İdrar için daha az tuzlu bir kullanım ise diş beyazlatıcıydı. İddiaya göre amonyak, dişlerin lekelerini temizlemesine yardımcı oluyor. Yine de sabah nefesini azaltmak için hiçbir şey yapmayacağını hayal ediyorum.

Görünüşe göre, idrarın bir süre iltihaplanmaya bırakılması, ürenin ev temizlik ürünlerinde kullanılan bir antibakteriyel ve ağartma maddesi olan amonyağa dönüşmesi için zaman veriyor.

Bu diş beyazlatma yöntemini kullananlar sadece Eski Romalılar değildi; tarih boyunca pek çok insan tarafından kullanılmıştır ve bugün bile bazıları denemeye isteklidir. Not: Tıbbi Haberler Bugün bunu bir müdahale olarak önermeyin.

4. Taş Devri beyin ameliyatı

Kısacası, trepanning, birinin kafatasına bir delik açma işlemidir. Kulağa acımasız geliyor.

Hieronymus Bosch’un "The Stone Cutting" adlı tablosunda trepanning tasviri. Resim kredisi: Wikimedia Commons aracılığıyla Hieronymus Bosch.

Bilim adamları, Neolitik dönemden itibaren anlatılan delikler taşıyan kafatasları ortaya çıkardılar.

Birçoğu, arkeolojik kanıtların bulunduğu en erken ameliyatı incelemeyi düşünüyor.

Trepanning de popülerdi: Bilim adamlarının şimdiye kadar çıkardığı tüm Neolitik kafataslarının inanılmaz yüzde 5-10'u, kaymanın tüm açık izlerini taşıyor.

Antik kalıntılardan, ameliyatın ölümden önce mi yoksa sonra mı yapıldığını söylemek her zaman mümkün değildir - ancak bazı hastalar kesinlikle hayattaydı.

Her şeye rağmen, bazı eski hastalar bu süreçte hayatta kalmayı başardı. Bunu biliyoruz çünkü kafatasları iyileşmenin gerçekleştiğine dair kanıtlar gösteriyor.

Çoğunlukla yetişkin erkekler üzerinde yapılsa da, bilim adamları aynı zamanda kadınların ve çocukların kafataslarında da delikler buldular.

Neolitik çağlarda, uygulama - belki de şaşırtıcı bir şekilde - yaygındı. Uzun mesafeli seyahatlerin ve fikir alışverişinin sınırlı olduğu bir dönemden uzmanlar, Avrupa, Sibirya, Çin ve Amerika'da trepan izleri taşıyan kafatasları ortaya çıkardılar; tüm öfke oldu.

Trepanning, Taş Devri ile birlikte yok olmadı; klasik dönem boyunca ve hatta Rönesans'a kadar devam etti.

Bugün, benzer cerrahi prosedürler hala mevcuttur; ama tahmin edebileceğiniz gibi, biraz daha incelik ve çok daha fazla anestezi içeriyorlar.

Örneğin, uzmanlar bazı hematomları tedavi etmek için kraniyotomi kullanırlar (burada kafatası, beyin ve aradaki zarlar arasında kan oluşur).

5. Öksürük ilacı olarak eroin

Öksürük yaygındır, can sıkıcıdır ve gününüzü mahvedebilir.

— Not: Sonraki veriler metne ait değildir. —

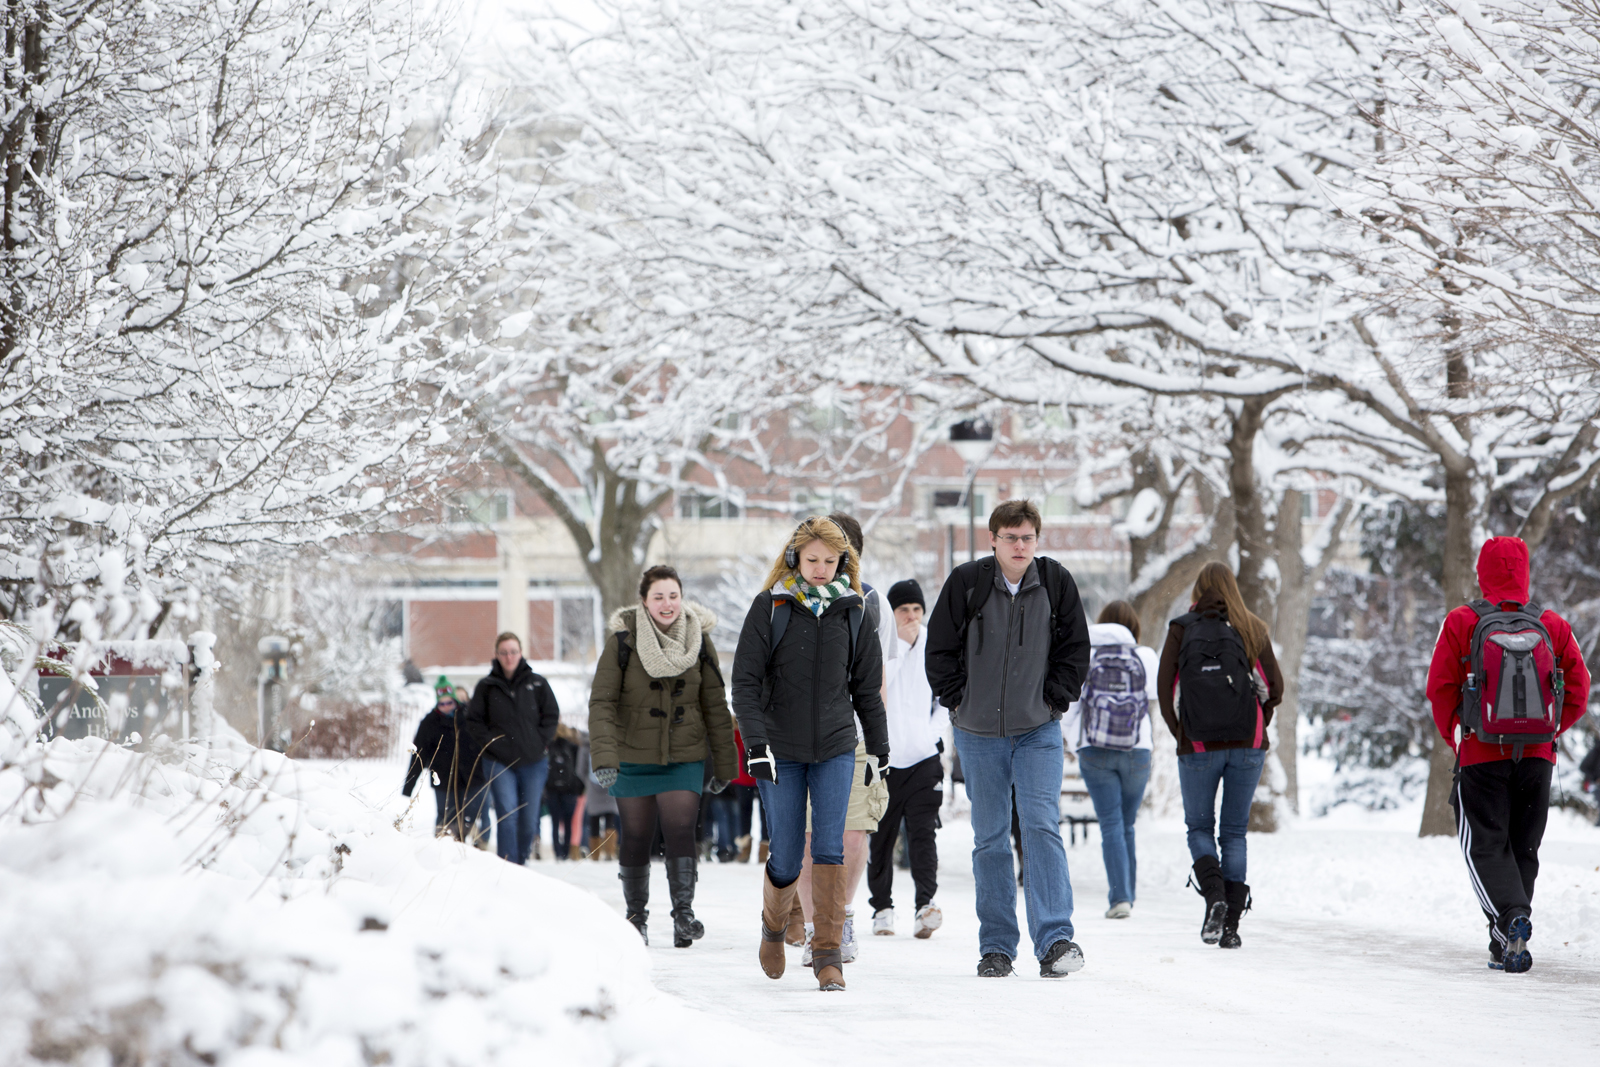 Students on campus in the winter.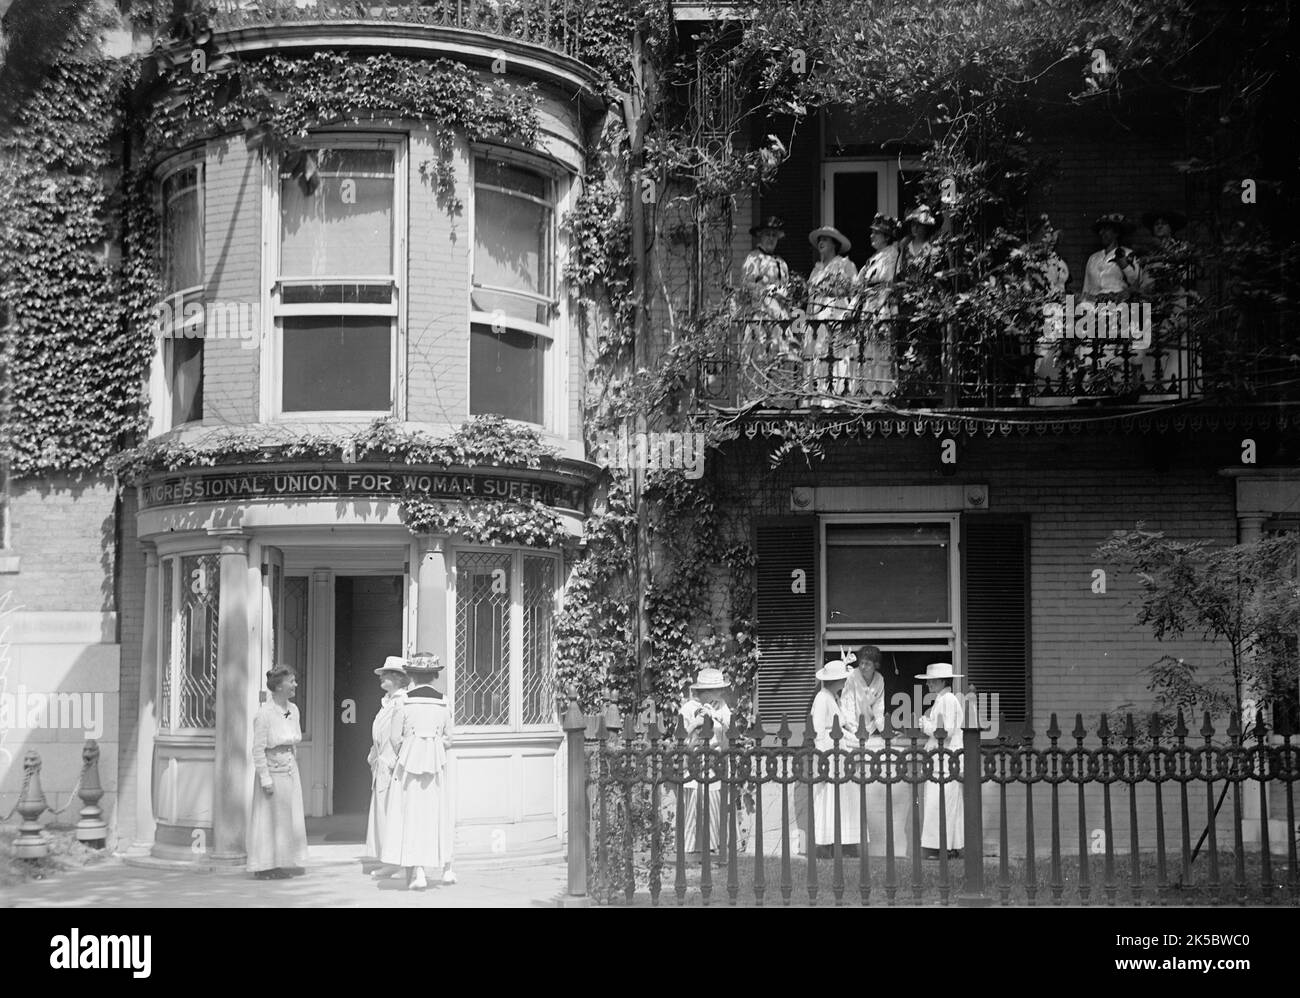 Cameron House, Later Part of Cosmos Club - Woman Suffrage, 1915. [Cameron House in Washington, DC, the offices of the Congressional Union for Woman Suffrage. Women in the United States gained the legal right to vote in 1920, with the passing of the 19th Amendment]. Stock Photo

Bu nedenle, bilim adamları yüzyıllar boyunca onları uzak tutmak için çeşitli karışımlar tasarladılar. Bununla birlikte, öksürük ilaçlarının öksürüğü yatıştırmak için çok az şey yaptığı giderek daha açık hale geldi.

Alman ilaç şirketi Bayer'in pazarladığı bir karışım, özellikle güçlü bir içeriğe sahipti: eroin. Bu son derece bağımlılık yapan maddenin dahil edilmesinin, popüler bir kötüye kullanım uyuşturucusu haline gelen afyonun yerini alması gerekiyordu.

Bu reçetesiz satılan (OTC) ilaç, "bağımlılık yapmayan bir morfin ikamesi" içerecek şekilde tanıtıldı. Kısa süre sonra eroinin de inanılmaz derecede bağımlılık yaptığı anlaşılmış olsa da, uyuşturucu 1898-1910'da pazarlandı.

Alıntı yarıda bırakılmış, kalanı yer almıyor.